Incentives: Invisible and Important

Incentives: Invisible and Important

I’ve had the good fortune of getting a lot of advice from folks who are farther along in their careers – either greater velocity, higher heights, more reps on the work, really a diverse crew of mentors and advisors.

During one of these conversations I was given the advice, to shift my thinking when it came to partners and stakeholders within the company, away from broader business goals, and instead try to focus on and get crisp on individual peoples’ incentives. Incentives, they pointed out, often illustrate someone’s motivation and behavior better than any other factor.

Teams at the end of the day are collections of people, and people (not teams) have relationships – but we have to remember that they also have motivations and incentives to do the things that they do. Especially at work, no one is a chaos agent, not really; folks are busy, and are trying to do the right thing for themselves, and for their team, and for their family.

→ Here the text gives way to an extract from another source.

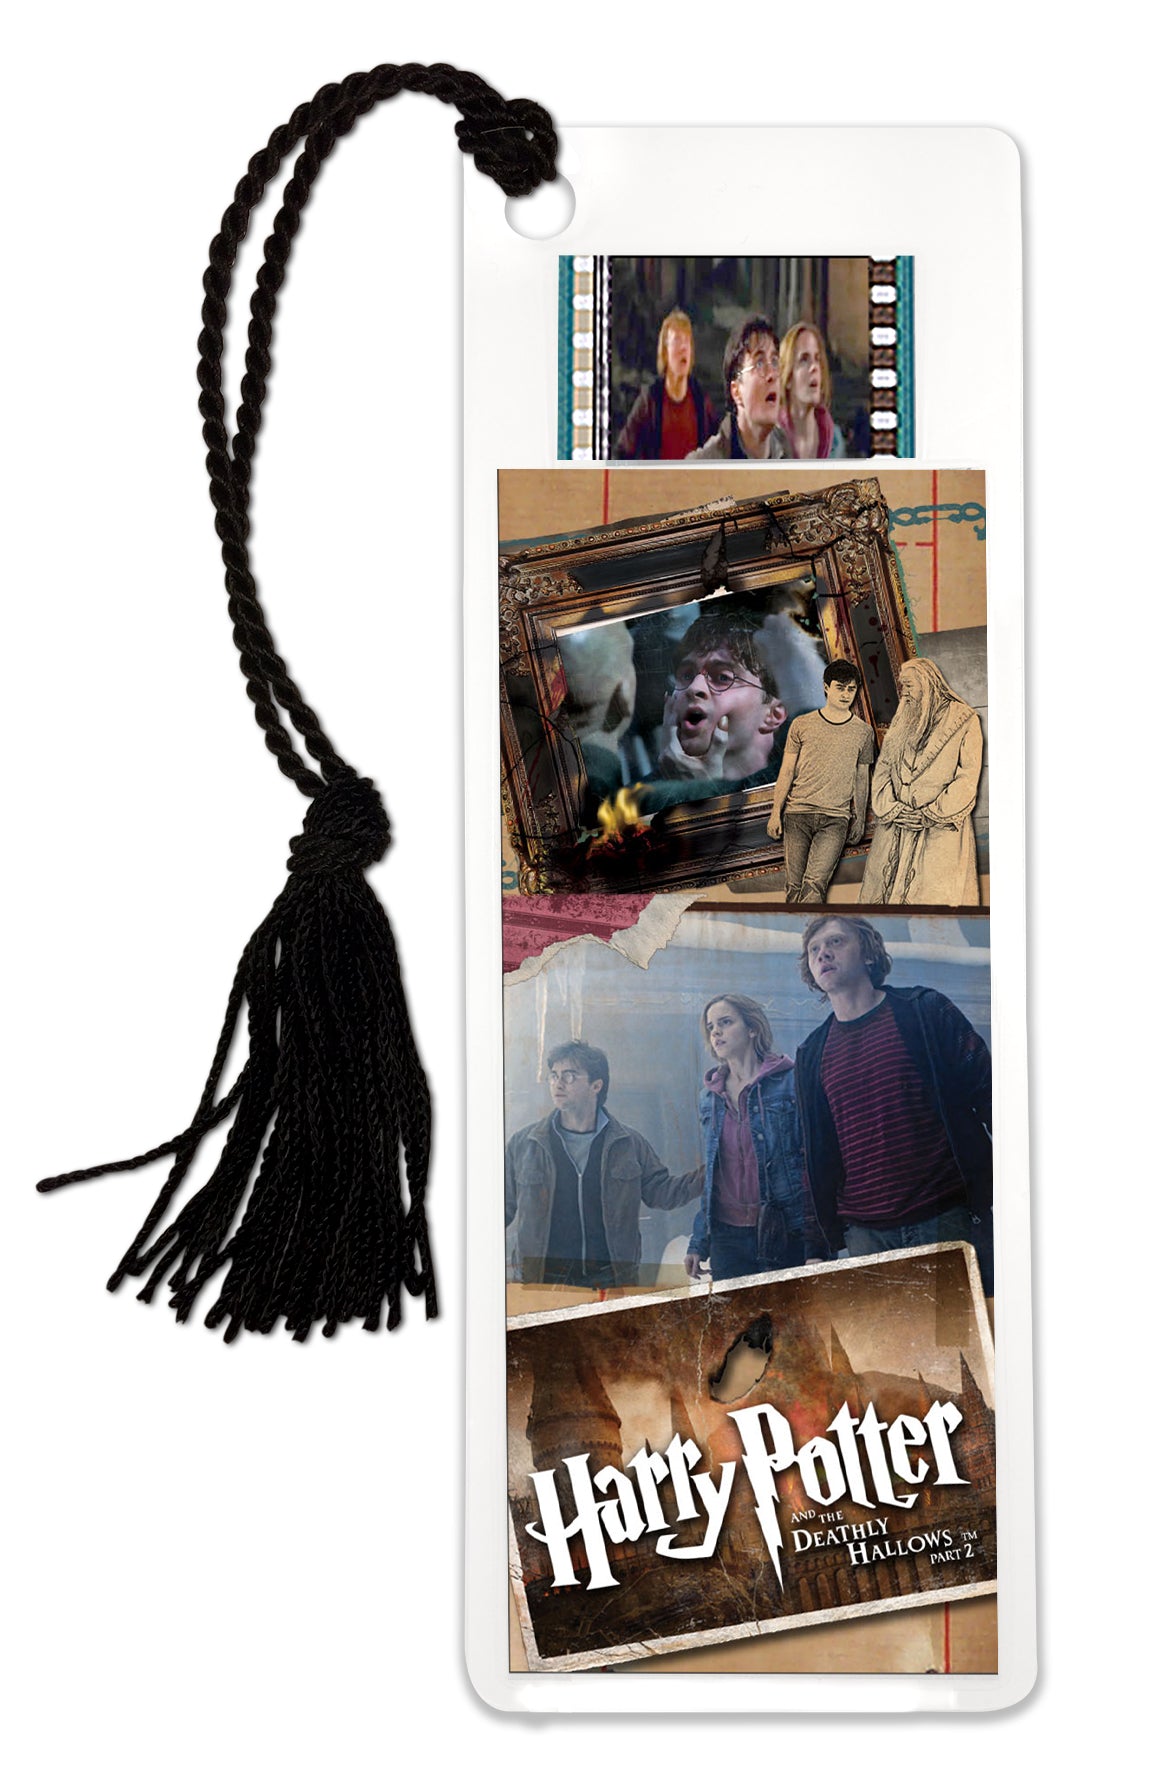 Harry Potter and the Deathly Hallows: Part 2 (The Final Duel) FilmCells™ Bookmark USBM594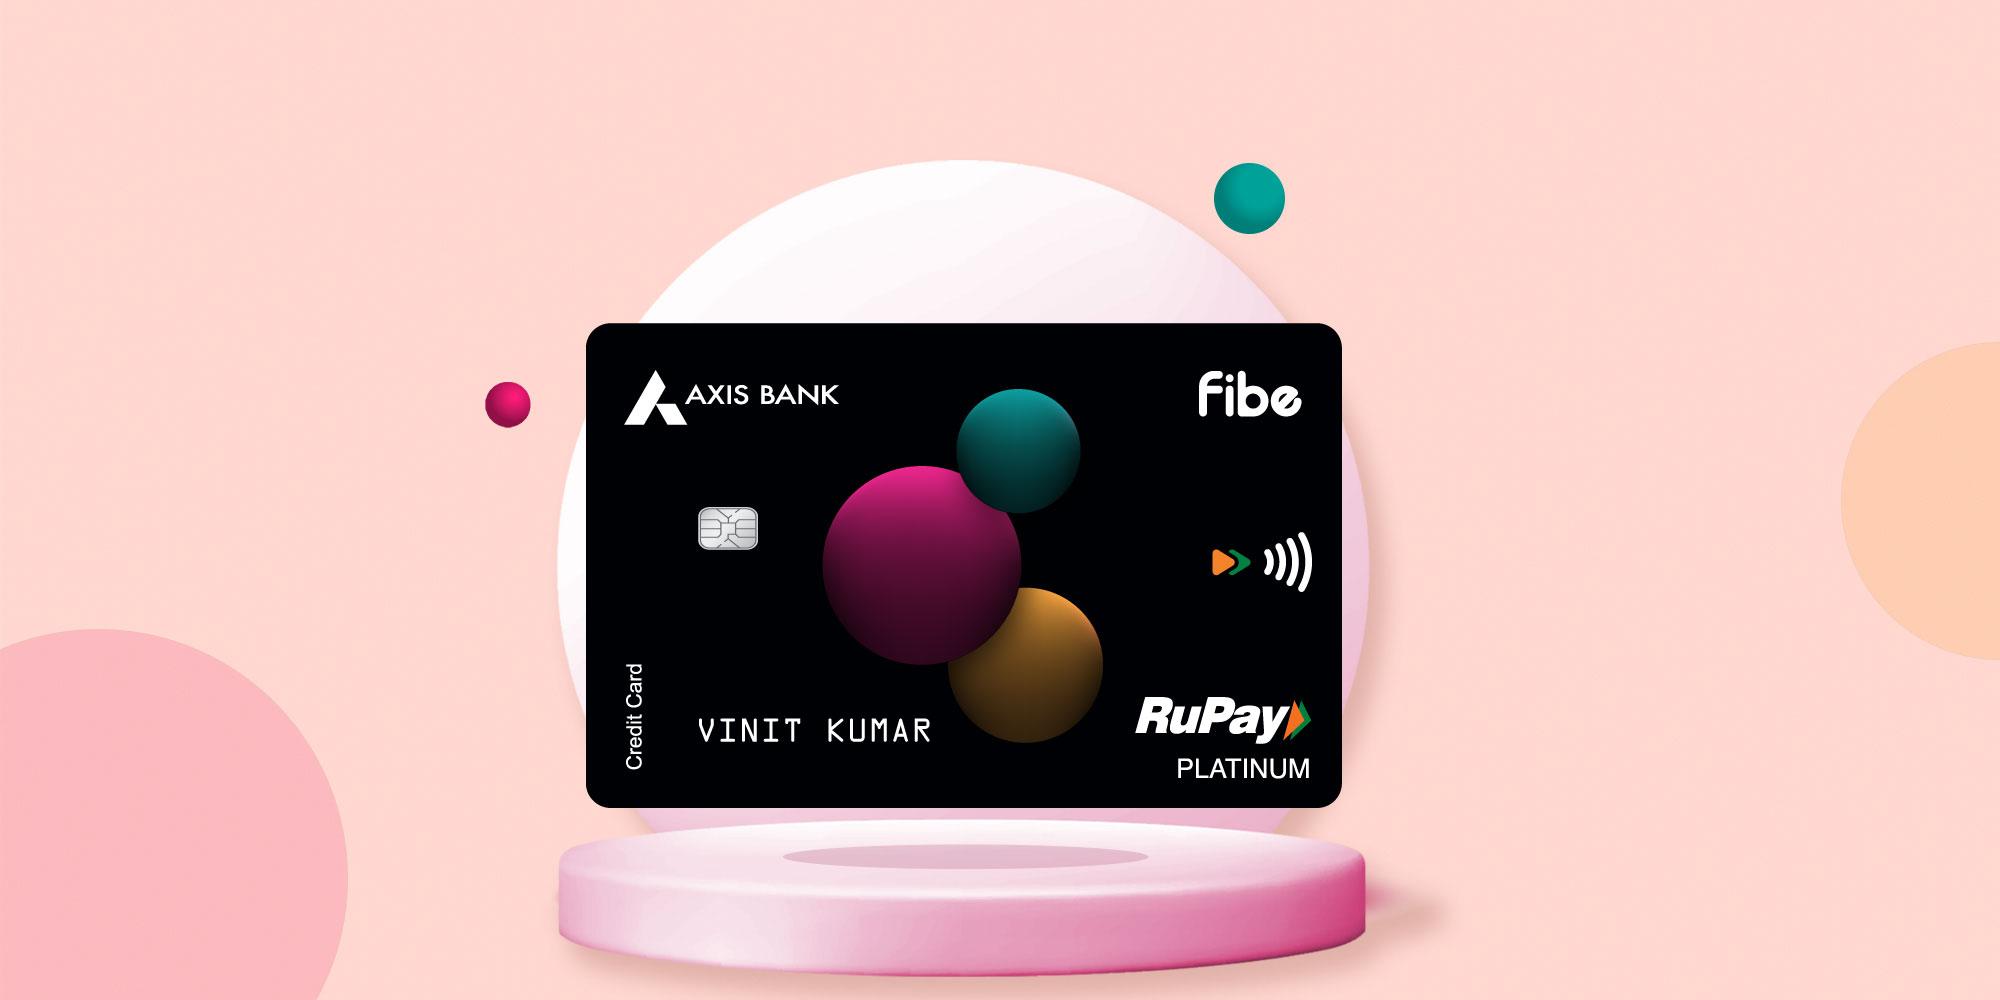 A comprehensive guide on the new Fibe Axis Bank Credit Card on UPI apps

I’m sure pure spite-based actions have happened, but the vast majority of the time, no one is actively working to frustrate or bypass you, your team, or your work. It’s true when we tell our kids and it’s true as adults: no one is thinking about you as much as you are. There is almost always a more parsimonious explanation that does not involve malicious intent. And, since malice and spite are not good predictors of future behavior, they’re not super useful in your mental model.

Like Heinlein tells us, we’re better off understanding and appealing to someone else’s self interest – similarly to how Ferrazzi describes co-elevation in “Leading Without Authority” (a great read for anyone working across multiple teams or organizations in any context), you have to understand what someone else perceives as valuable before you can start to explore what a mutual win would look like.

It feels obvious in retrospect – folks want to achieve a win, and we of course want to pursue our own success, but figuring out the way that those puzzle pieces can fit together can be much less clear. The problem of course, is that incentives are invisible. We don’t always even understand why we ourselves do what we do, how can we possibly hope to understand what is driving other people?

We have two kids (the featured image is us at Meow Wolf in March!) – they’re nine and seven. Our daughter, unbelievably, turns ten in May! They sometimes experience a flavor of this same social space. If a friend is unexpectedly unkind, or a coach or teacher says something that surprises them, we like to use the “Something Missing” framework to think it through.

“That doesn’t sound like something she would normally do – is there something missing that would help explain it?”

… often for kiddos it’s something like, having trouble with another friend, or losing in a game, and for teachers and coaches it’s often grounded in wanting a particular goal for the whole class or team. In a way that a lot of things start to stitch together, this Something Missing prompt also become a useful framework for me to think about my relationships in the workplace – “What incentive is missing here? What part of their landscape am I not seeing, that explains this behavior?”

Often the simple act of prompting myself to accept that there may exist some invisible factor that is not yet known to me, can be helpful to set aside my own (sometimes hurt!) feelings, and instead move into investigation and resolution.

2 thoughts on “Incentives: Invisible and Important

  1. I like this. Do you ever make a guess at an incentive and later ask to confirm it with the person in question? What is an example of an interesting incentive you’ve come across?

    1. I always guess! I am getting better at it. Often you don’t find out directly but indirectly, from other people or observation.

      I think one thing I’ve been surprised by is how important team size is to folks – the hardest part about incentive first thinking, for me, is getting out of the assumption that everyone has incentives that are roughly similar to mine. They don’t!